1. Receive request: The user submits data from the frontend.
2. Call Vertex AI: The backend sends a request to the Google Cloud endpoint.
   • If the model rejects the request, the process stops.
   • If the model approves the request with more than 75% confidence, the backend proceeds.
3. Call OpenShift AI: The backend calls the OpenVINO endpoint to determine the interest rate.
4. Prompt engineering: The backend uses the approval status and interest rate to construct a prompt for the LLM: You are a helpful financial advisor. The customer's loan was approved at a rate of 10.5%. Explain this to them and offer financial advice.
5. Call OpenShift AI: The backend sends the prompt to the vLLM endpoint, which returns a natural language response.

The frontend: Context-aware chat

The React frontend offers two modes. In the Prediction form, users input their credit score and income. The Loan assistant chat provides a context-aware interface for further interaction.
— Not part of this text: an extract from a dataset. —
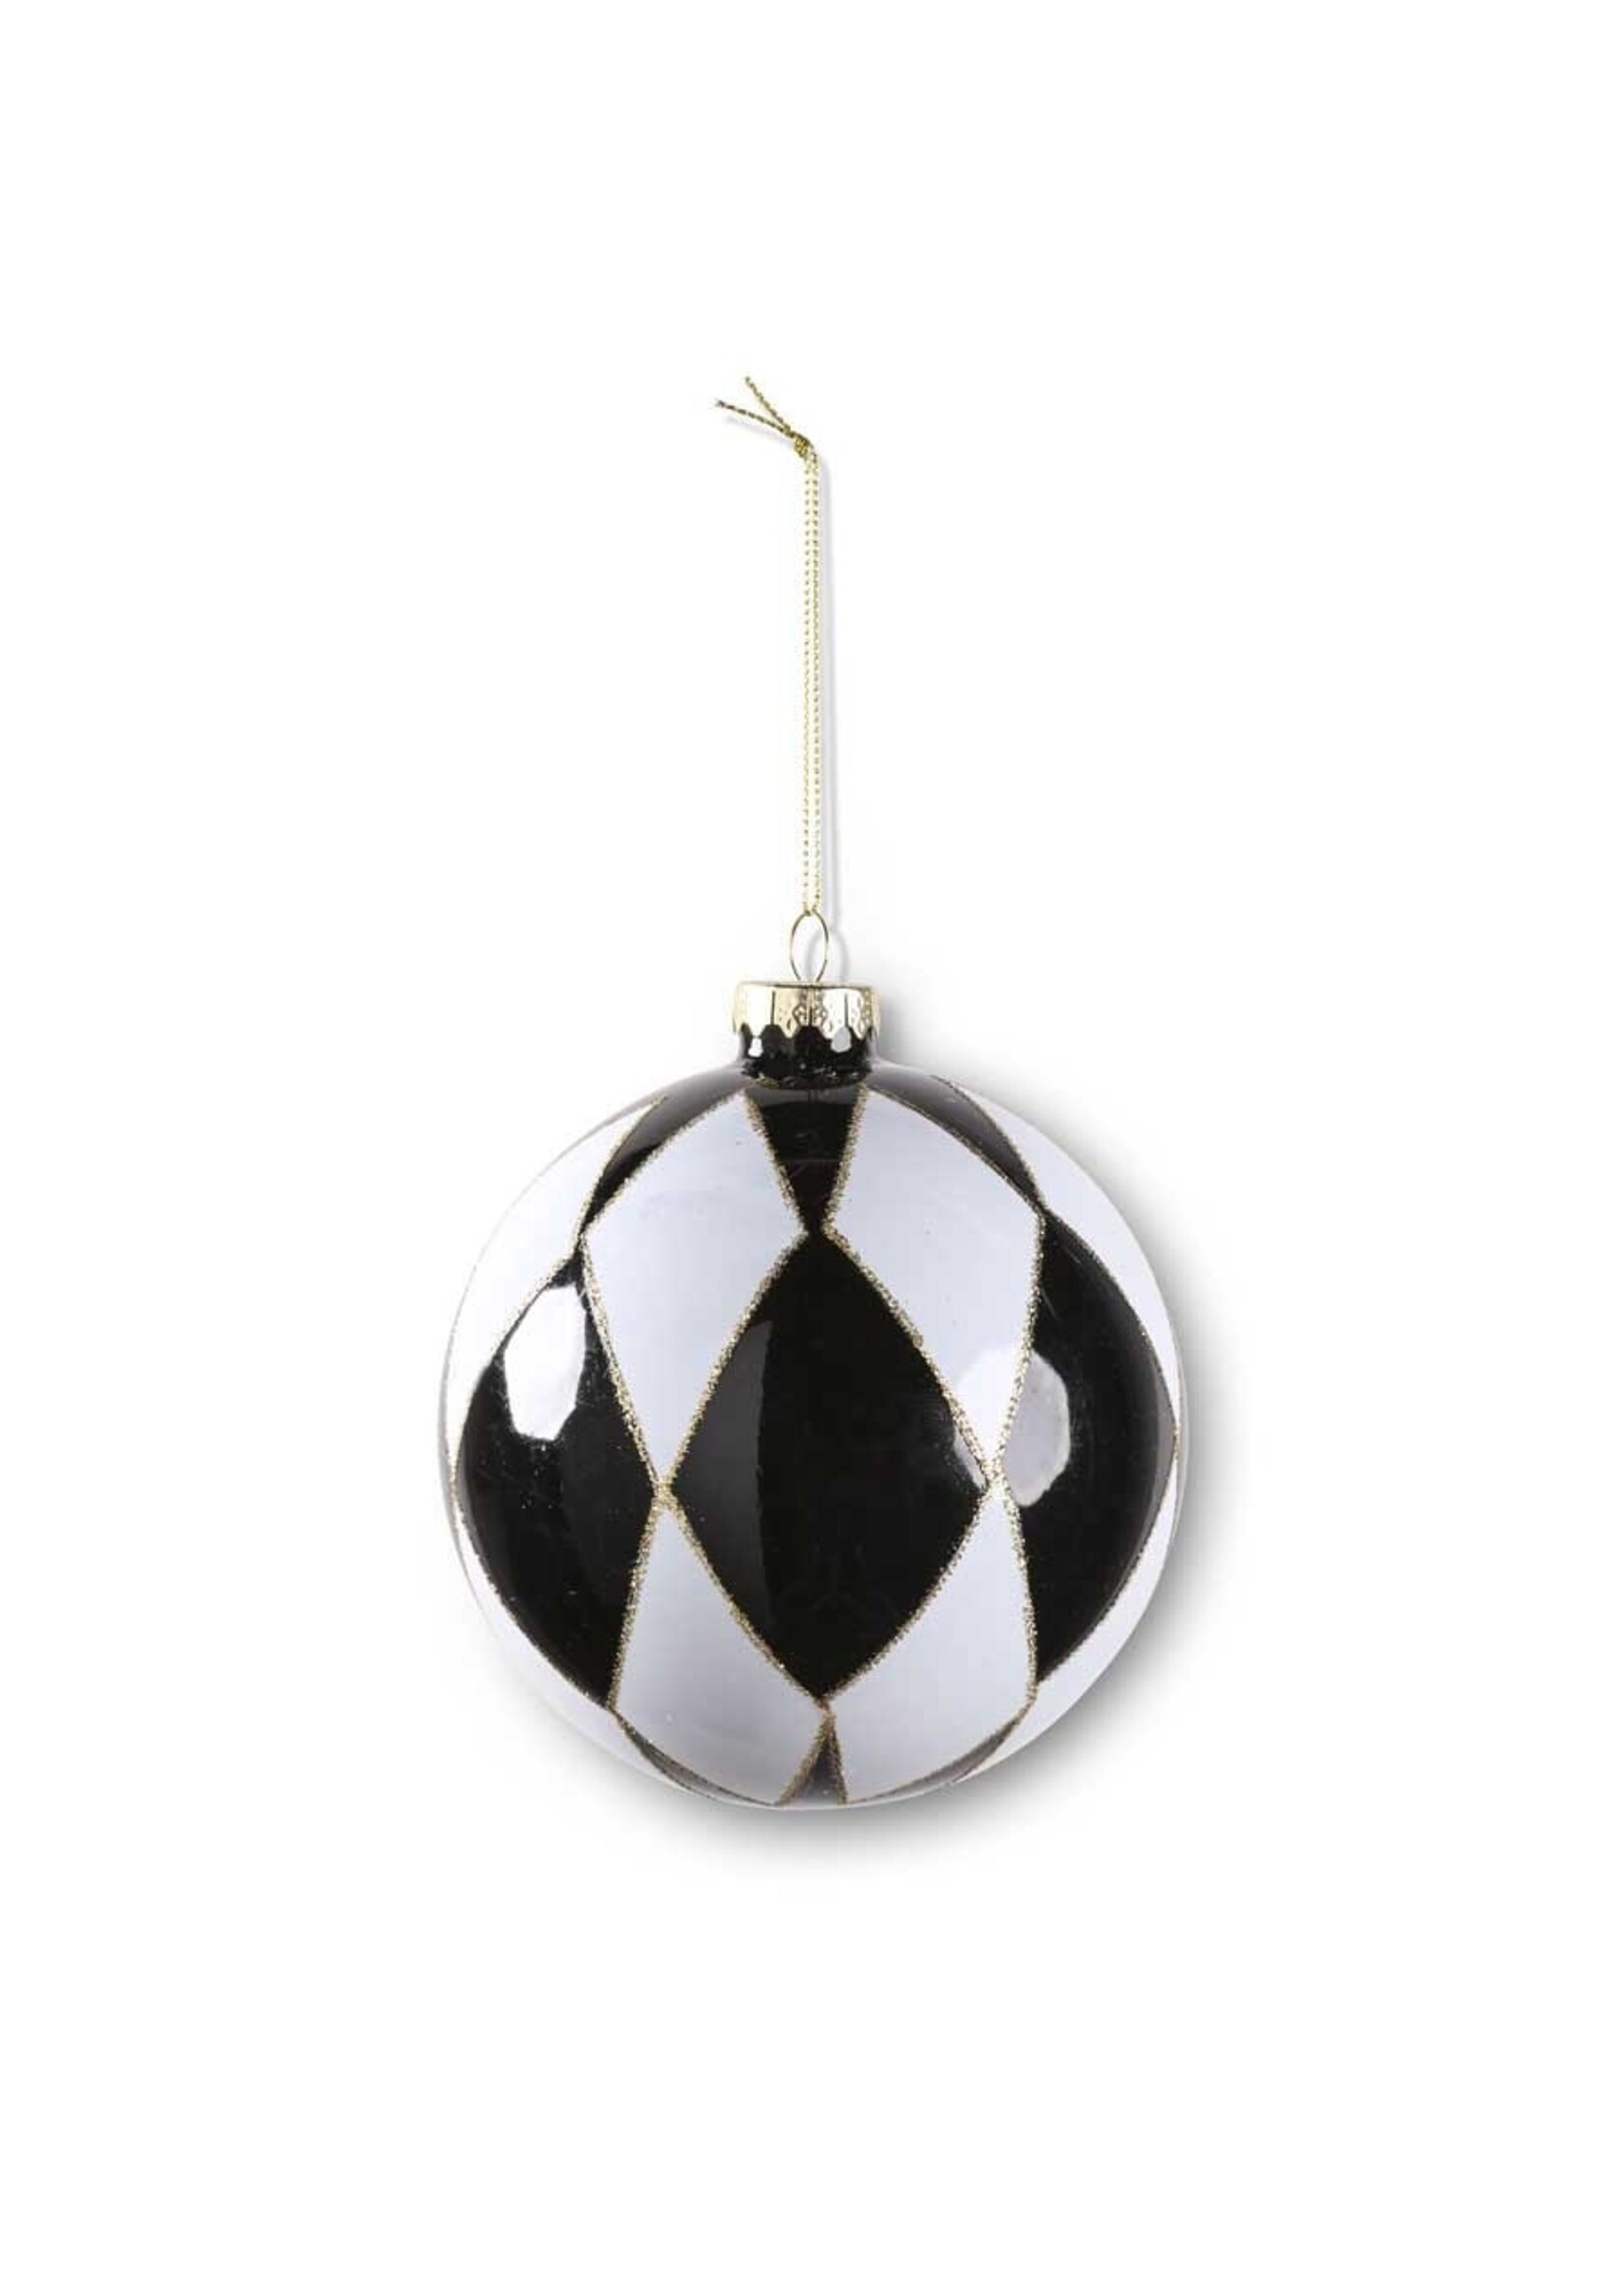 4.5 inch Round Black and White Harlequin Ornament

If a user gets rejected, they can ask the chatbot why they were denied. Because the backend passed the prediction context to the LLM, the chatbot can explain that a credit score of 500 is just below the threshold, for example. It can then suggest improvements, like lowering the requested amount or consolidating debt.

Conclusion

This project demonstrates that modern AI solutions rarely rely on just one model. Success comes from a combination of hybrid infrastructure and hybrid models, where Google Cloud and Red Hat OpenShift work together. This foundation allows traditional predictive AI, such as regression and classification, to combine with generative AI. By orchestrating these components, we create applications that are accurate, engaging, and helpful.